---- DATASET CONTENT
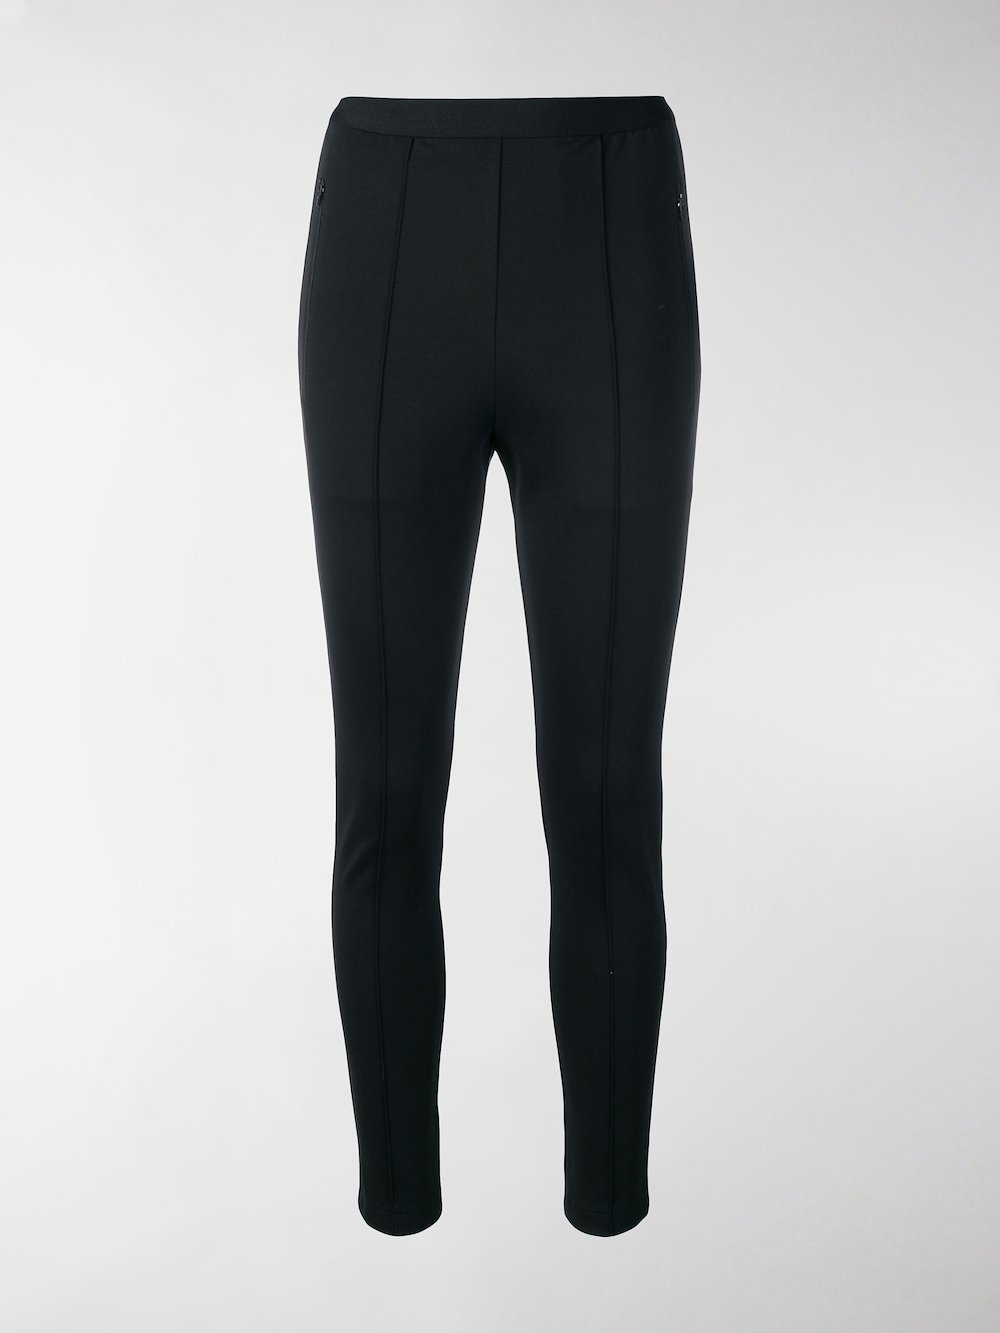 Balenciaga black polyamide and elastane leggings for women 173100
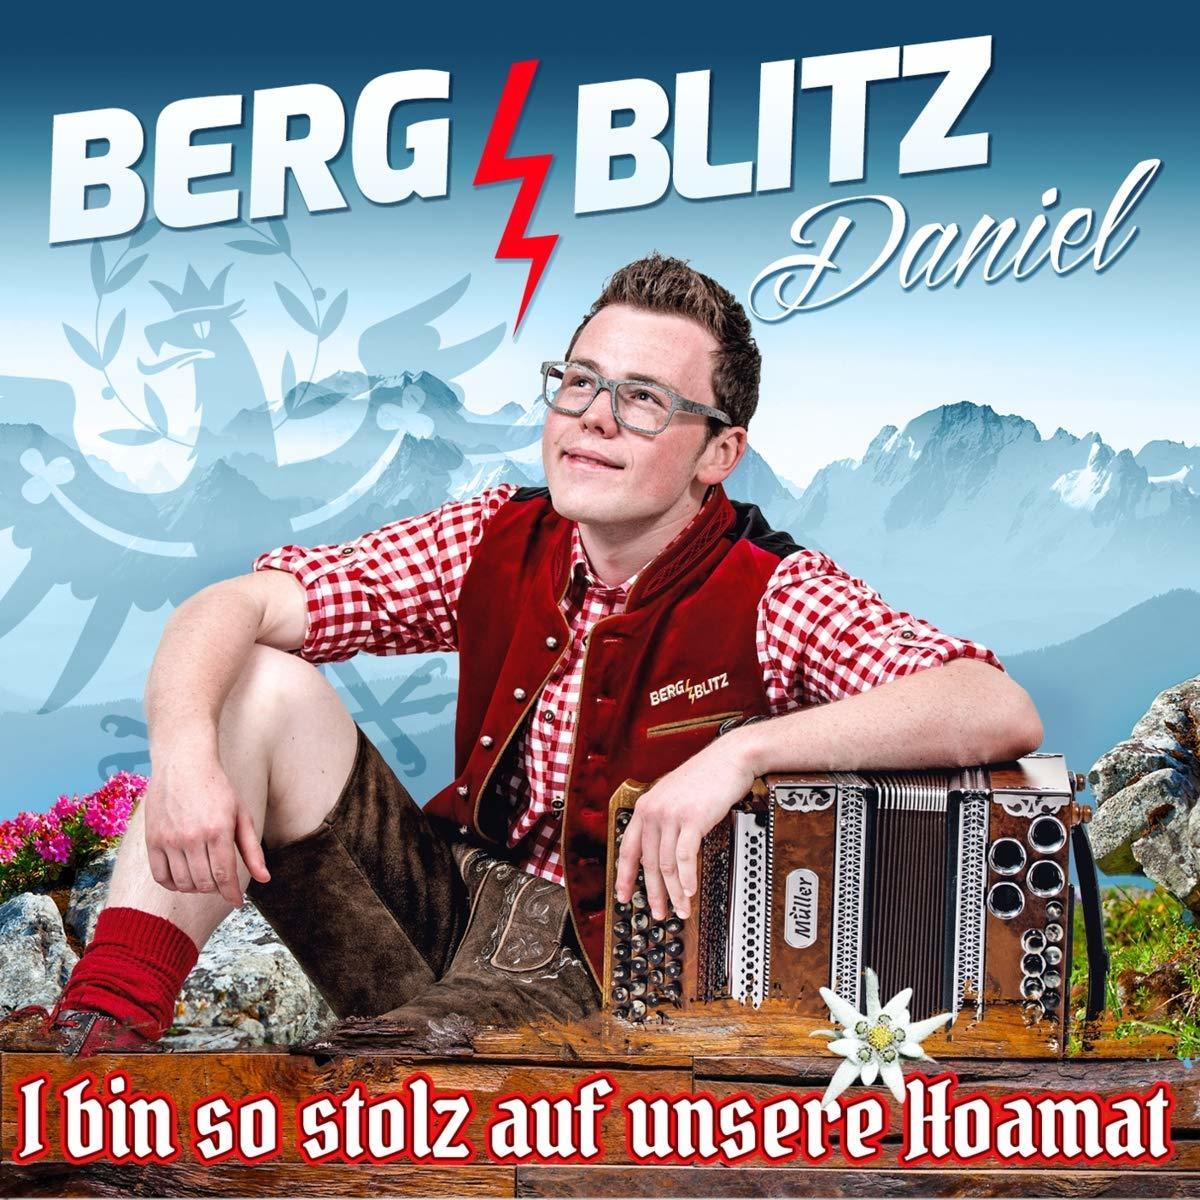 Bergblitz Daniel - so unsere Hoamat - bin auf I stolz (CD)
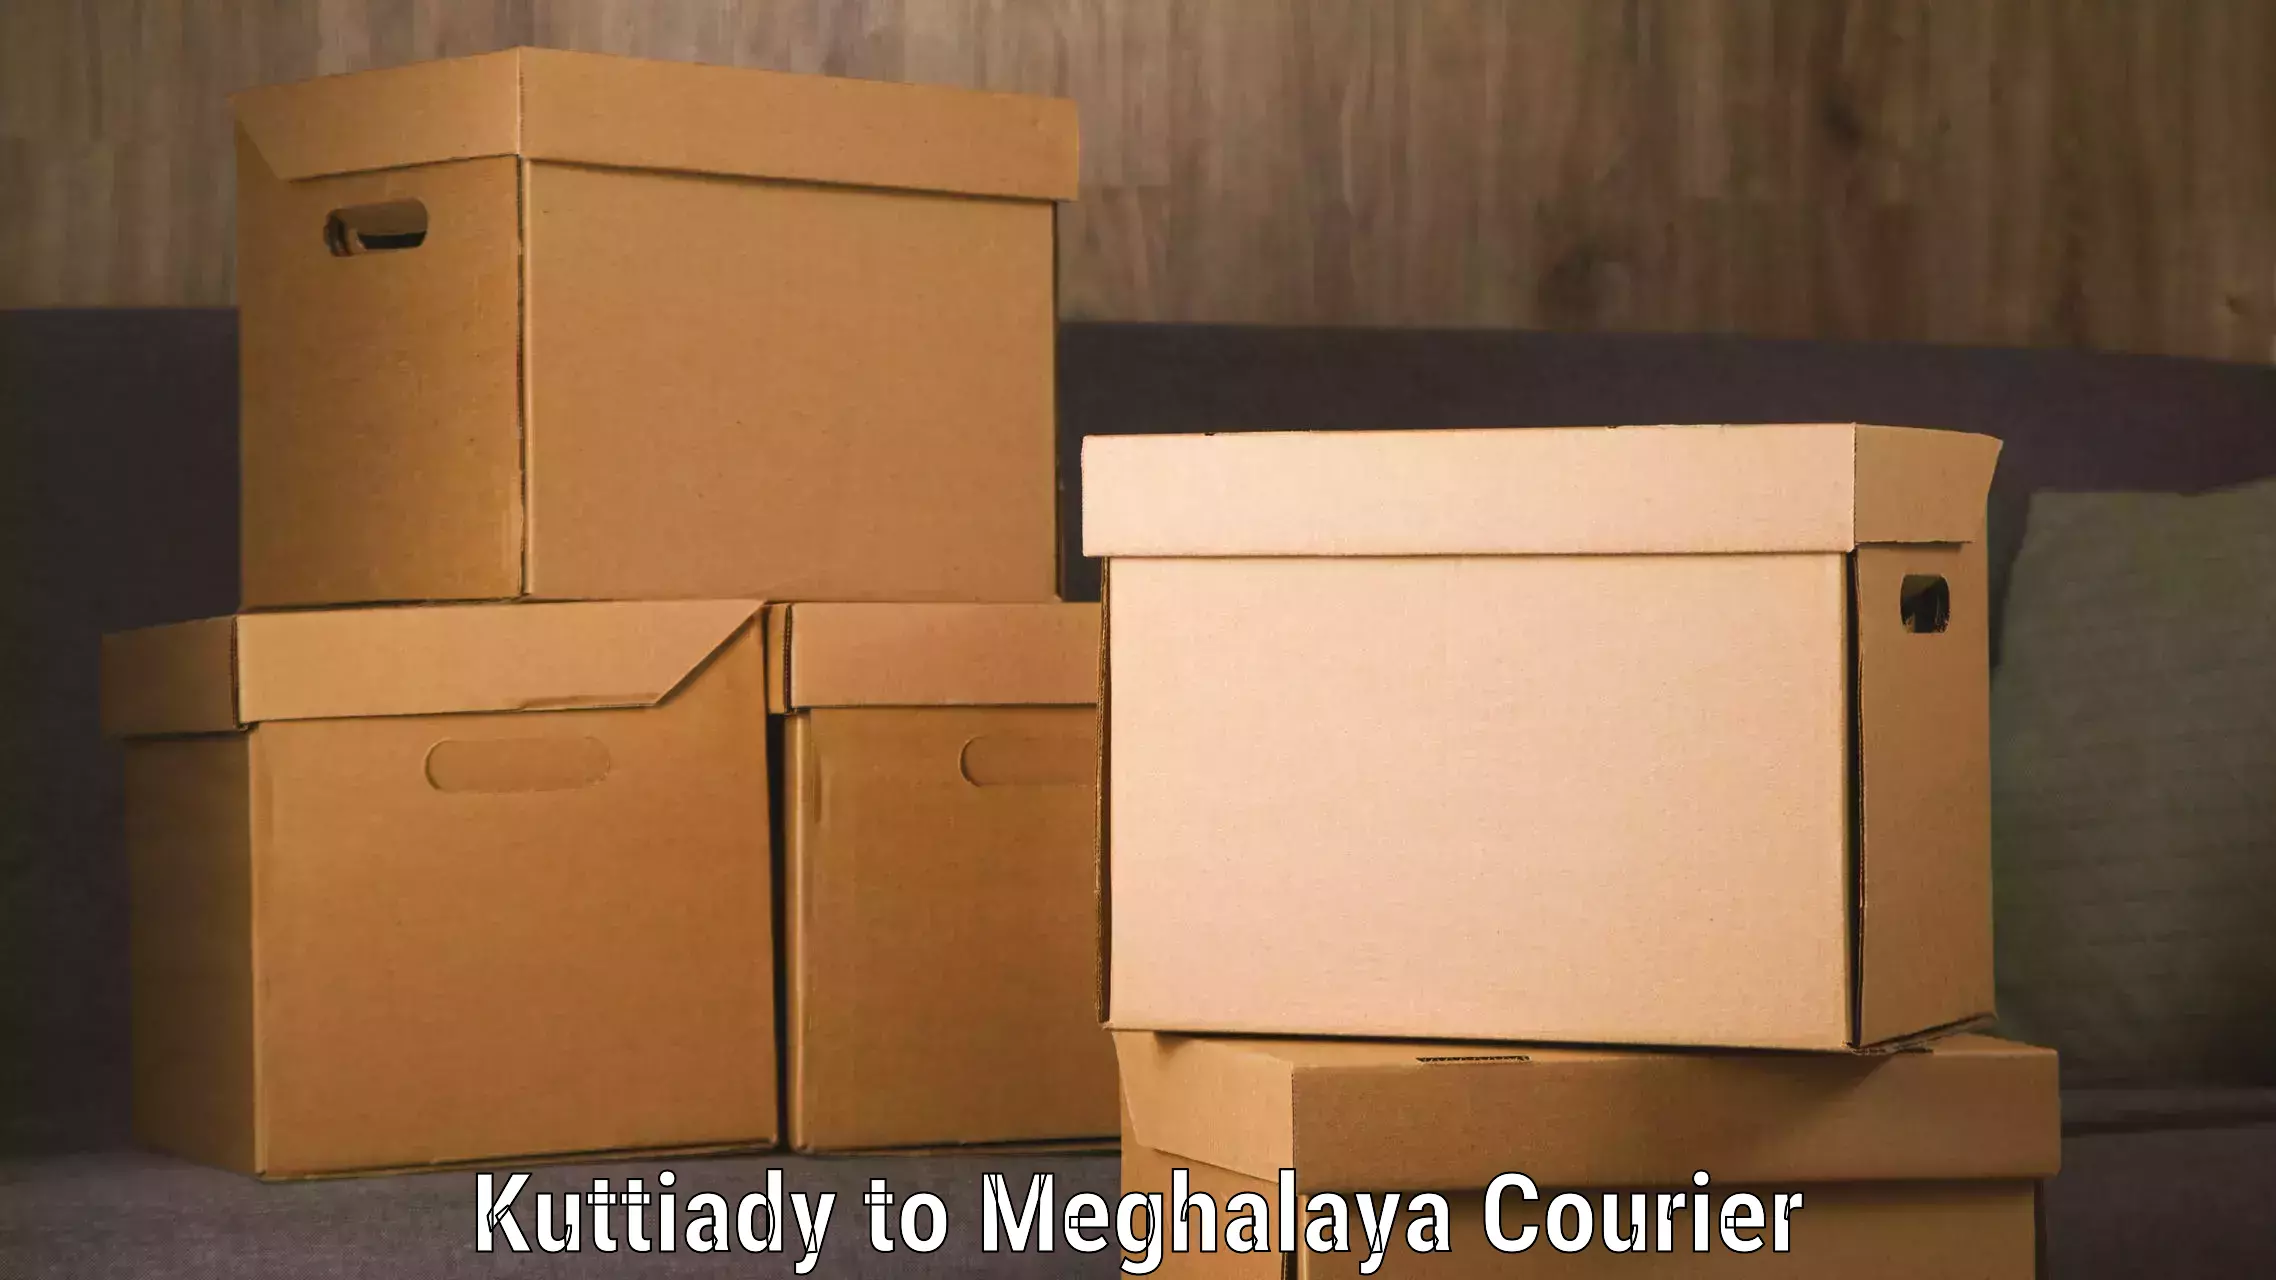 Courier service partnerships Kuttiady to Tura
--------
Copy out the full material exactly. Pictures should not appear in it.

- _WRITTEN ANSWER_:
 Balenciaga black polyamide and elastane leggings for women 173100
 Bergblitz Daniel - so unsere Hoamat - bin auf I stolz (CD)
 Courier service partnerships Kuttiady to Tura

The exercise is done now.